Mbaye, O Mucubal

Mbaye, o Mucubal

Num dia que despontou mais uma madrugada feliz na província do Namibe, um pai foi para uma das imensas planícies da região Mucubal para ver o sol nascer e, serenamente, contemplou a imensidão da sua terra com um orgulho especial. Nessa manhã, ele trazia nos braços o seu filho que nascera na última luz do dia anterior.

-Filho, a mãe que te nasceu pediu-me para dizer em voz alta ao mundo quem és e aquilo que é teu.

O sol despontava esplendoroso e a vida agitava-se pelos pequenos pastos que se viam à distância. Os sons da vida preenchiam o coração dos dois.

A Terra recebia em glória mais um filho da tribo Herero.

-Filho – disse o pai - A tua mãe contou-me que quando nasceste, depois do teu primeiro choro de ar, que sorriste para ela. Ela olhou para as mulheres que a amparavam para te fazer nascer e confirmou que a reconheceste. Ela disse-me:-”Pai, este filho é teu. É um guerreiro e vai ter uma vida feliz.”

O pai continuou a falar com o filho em voz alta: - A tua mãe lavou-te com o sebo de boi para te proteger das doenças e abraçou-te contra o peito fértil para que soubesses que estavas seguro, que estavas onde tinhas de estar. O teu lugar.

O pai ergueu-o a favor do sol que nascia.

-Filho, a tua mãe cortou o cordão que te ligava a ela e enterrou-o no chão da casa onde nasceste. Cobriu-o com as fezes secas dos bois que trouxeram a nossa riqueza para garantir que irás continuar a tradição. Serás sempre filho e dono desta terra.

-Filho, o primeiro homem que te tocou fui eu, teu pai, honrando os nossos antepassados, para te dar os meus braços e as minhas pernas, o meu sangue, a minha força.

-Filho, dou-te tudo o que é meu e é muito. És um Herero.

-Hoje vou dar-te o nome ao qual responderás durante todo o teu caminho. És Mbaye, o Mucubal.

-Hoje vais comigo iniciar a tua vida que é de todos. Vou ensinar-te a viver, a dividir, respeitar as tradições, cuidar do gado e de todos os animais que honram a nossa vida com a sua morte.

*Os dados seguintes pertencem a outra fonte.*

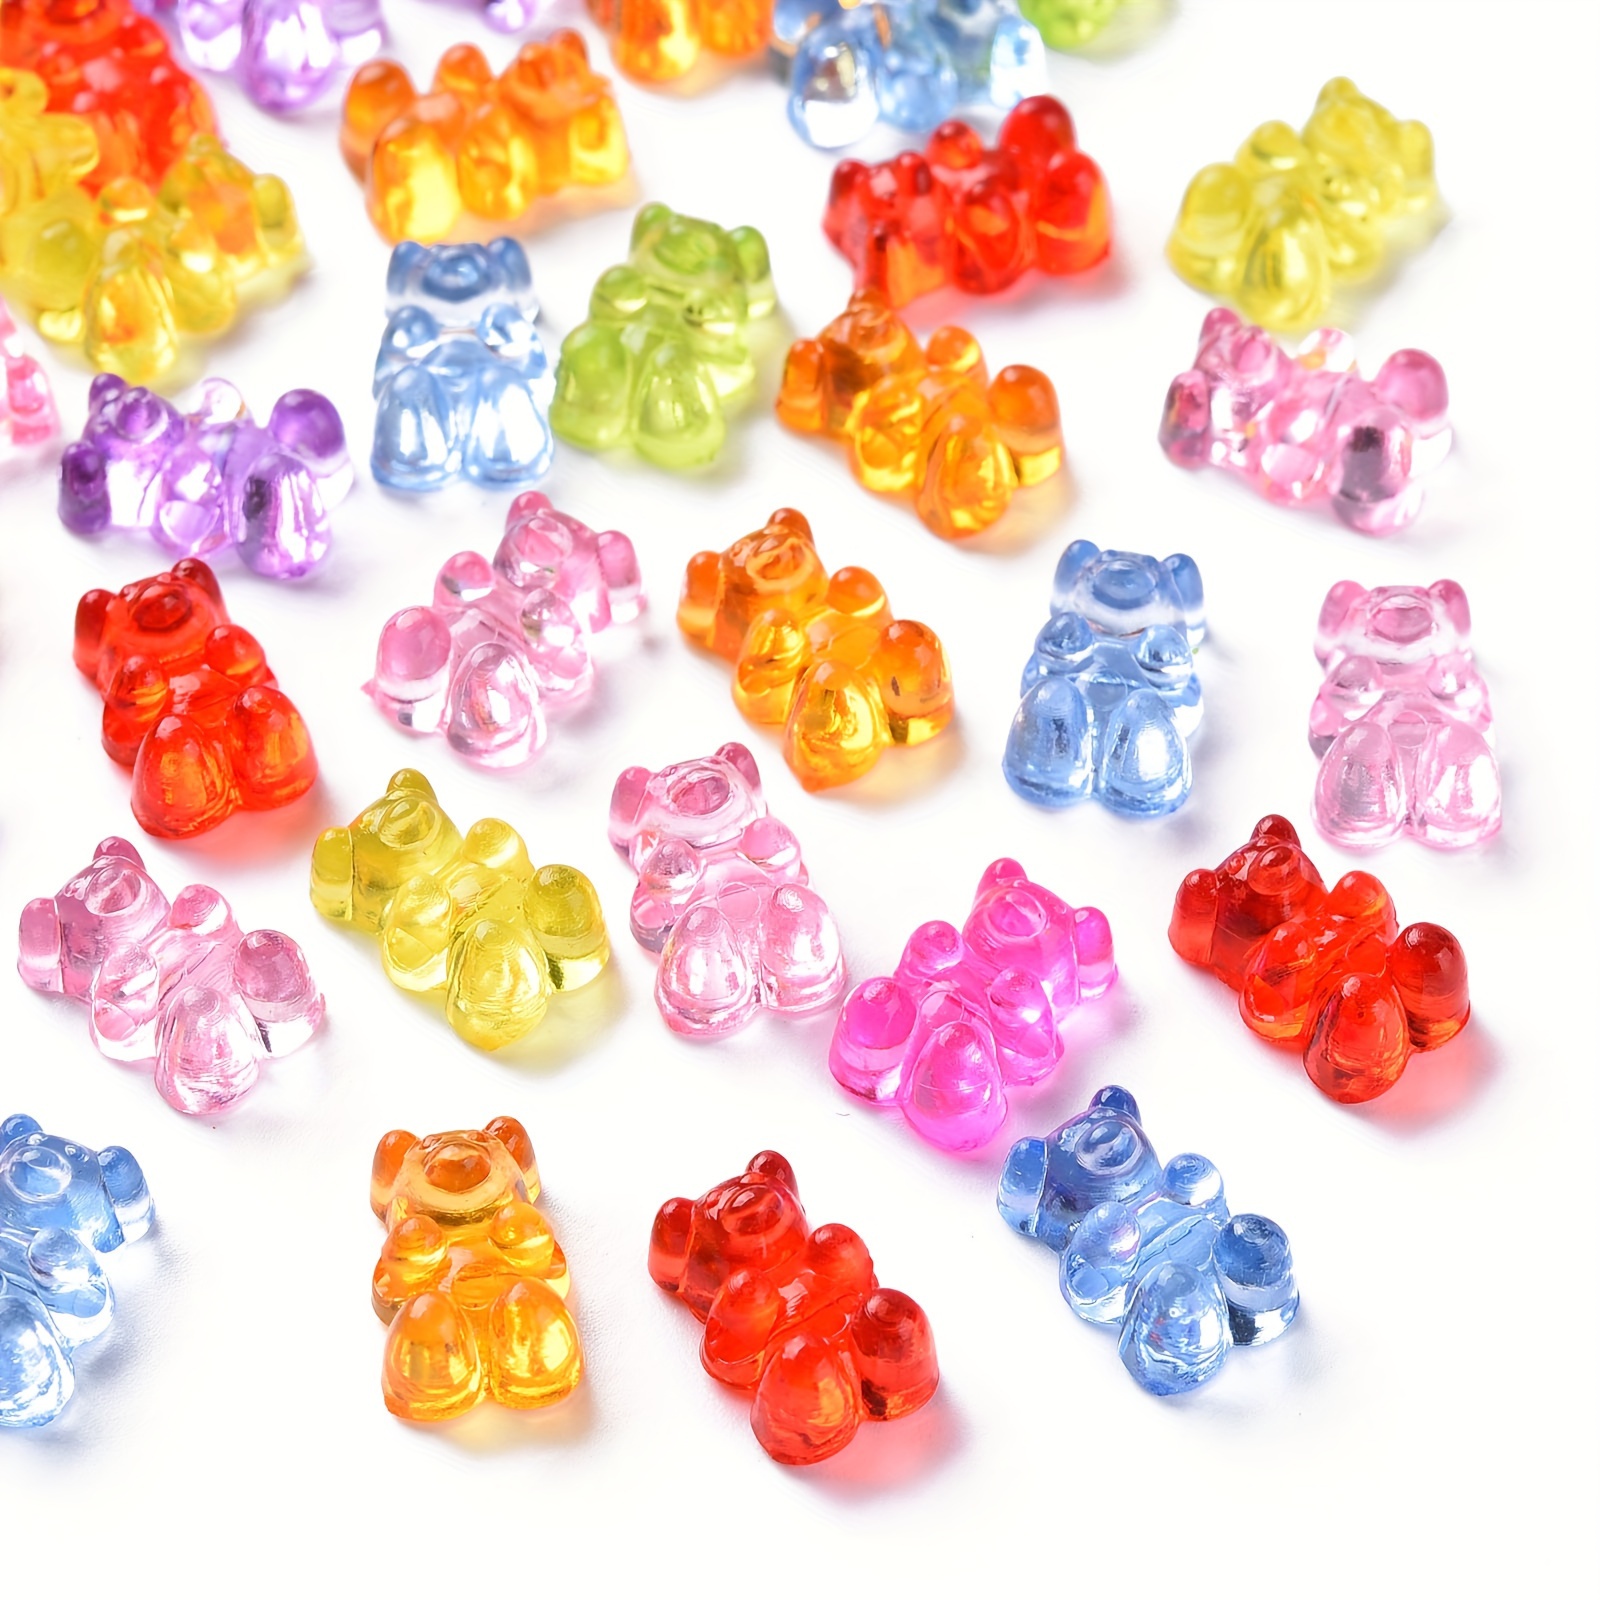 50 Pieces Nail Glitter Gummy Bear Charms,Resin Flatbacks Candy Bear Charms for Slime Nails DIY Craft Scrapbooking Phone Case Doll House Stationery

-Vou dar dois bois e duas vacas a um vizinho, mas são teus. Serão a tua garantia para quando casares. Todos os animais que nascerem deles serão teus. Vou-te ensinar que caçar é tarefa dos pobres e peço-te que me prometas que jamais o farás. Vou-te ensinar a contar para saberes sempre a riqueza que tens para dividir. Um homem só tem o que tem, fruto do seu trabalho, para dividir. A tua riqueza será tão grande quanto grande será o teu coração.

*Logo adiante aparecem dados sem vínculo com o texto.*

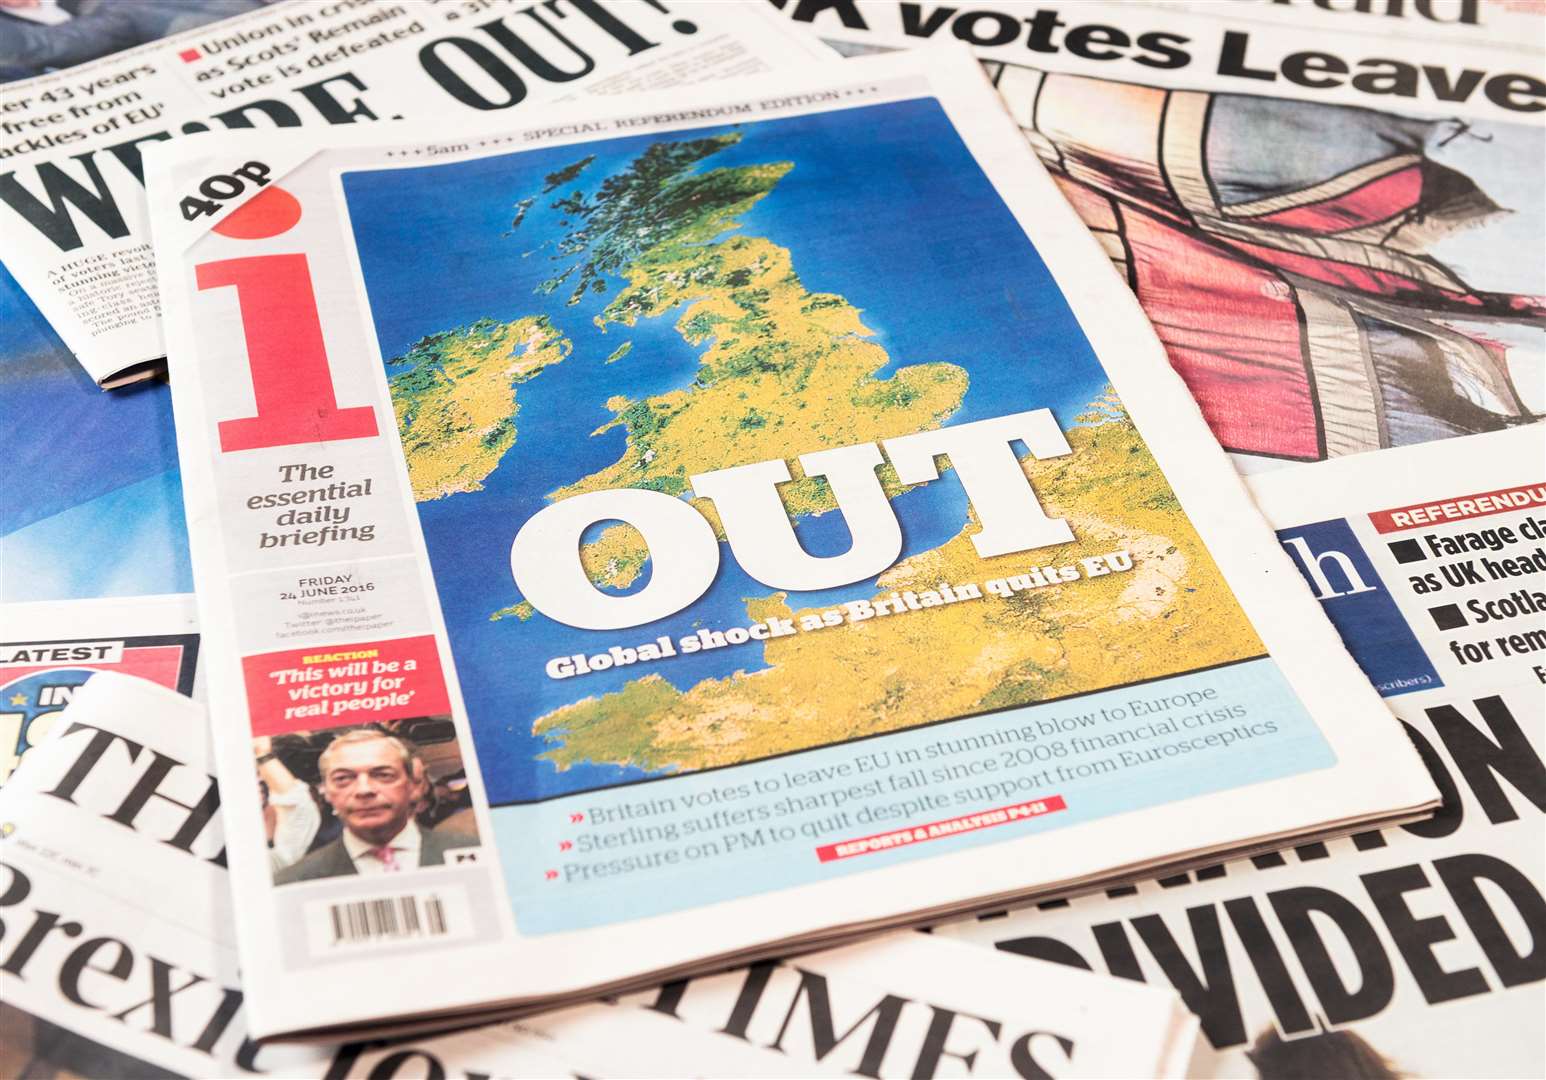 The front pages of British newspapers on the day after the Brexit referendum in 2016

-Hoje divido-te com a família, com os amigos, com o mundo, Mbaye. Benvindo à tua casa e agradeço-te por dividires a tua vida comigo.

O homem aninhou o frágil filho nos braços e voltou para a sua casa, mas ele disse em voz baixa ao filho:- “Onjuo”.

Sabia que o tinha de apresentar a Deus que é só Um e aos antepassados que são muitos.

-Filho – disse o pai a chegar ao “Okurowo”, sítio central e de adoração do fogo divino e da memória dos que já não estão mais – Este é o fogo que nos acompanha por todo o mundo que é nosso. Vais levá-lo e preservá-lo sempre. Este fogo é a única certeza de que a vida existe antes e depois de nós.

-Aqui encontras o meu pai que tem “OmacuinheEpanduhavale”, sim senhor, setenta, setenta anos de idade, mas tem também mais de “Ecuinhy” mulheres. Dez, dez mulheres, sim senhor. Todas férteis.

O ritual de apresentação foi-se prolongando e a manhã estava a acabar.

O menino dormia agora nos braços da mãe e era observado por todos os familiares.

O som das bombas e o roncar dos carros de combate sul-africanos ouviam-se ao longe. A artilharia das FAPLA respondia com fulgor.

O céu cobria-se de pólvora, pó e medo. Os homens agitaram-se e chamaram todos para prepararem a sua defesa. O pai foi chamado de chefe e levantou-se num gesto de despedida.

A mãe perguntou: -Pai, falaste disto ao teu filho?

O pai respondeu:-Não. É a guerra dos brancos e dos negros. Nada temos com a desgraça alheia. Nunca teremos. Nós somos Herero, Mucubais, Himba, Dimba.

-Mulher, fala de mim ao Mbaye, nosso filho, nosso príncipe. Tu, minha rainha, lembra-te de mim.

Nesse dia que aquele Rei Herero voltou morto e estropiado, os homens e as mulheres de toda a região prestaram homenagem ao seu mais destacado líder e, conforme era sua vontade e tradição, mataram “Omacuinhe a Tanu”, cinquenta, sim senhor, cinquenta cabeças de bois para que rodeassem a sua sepultura e garantissem que os maus espíritos jamais o acordariam do descanso merecido.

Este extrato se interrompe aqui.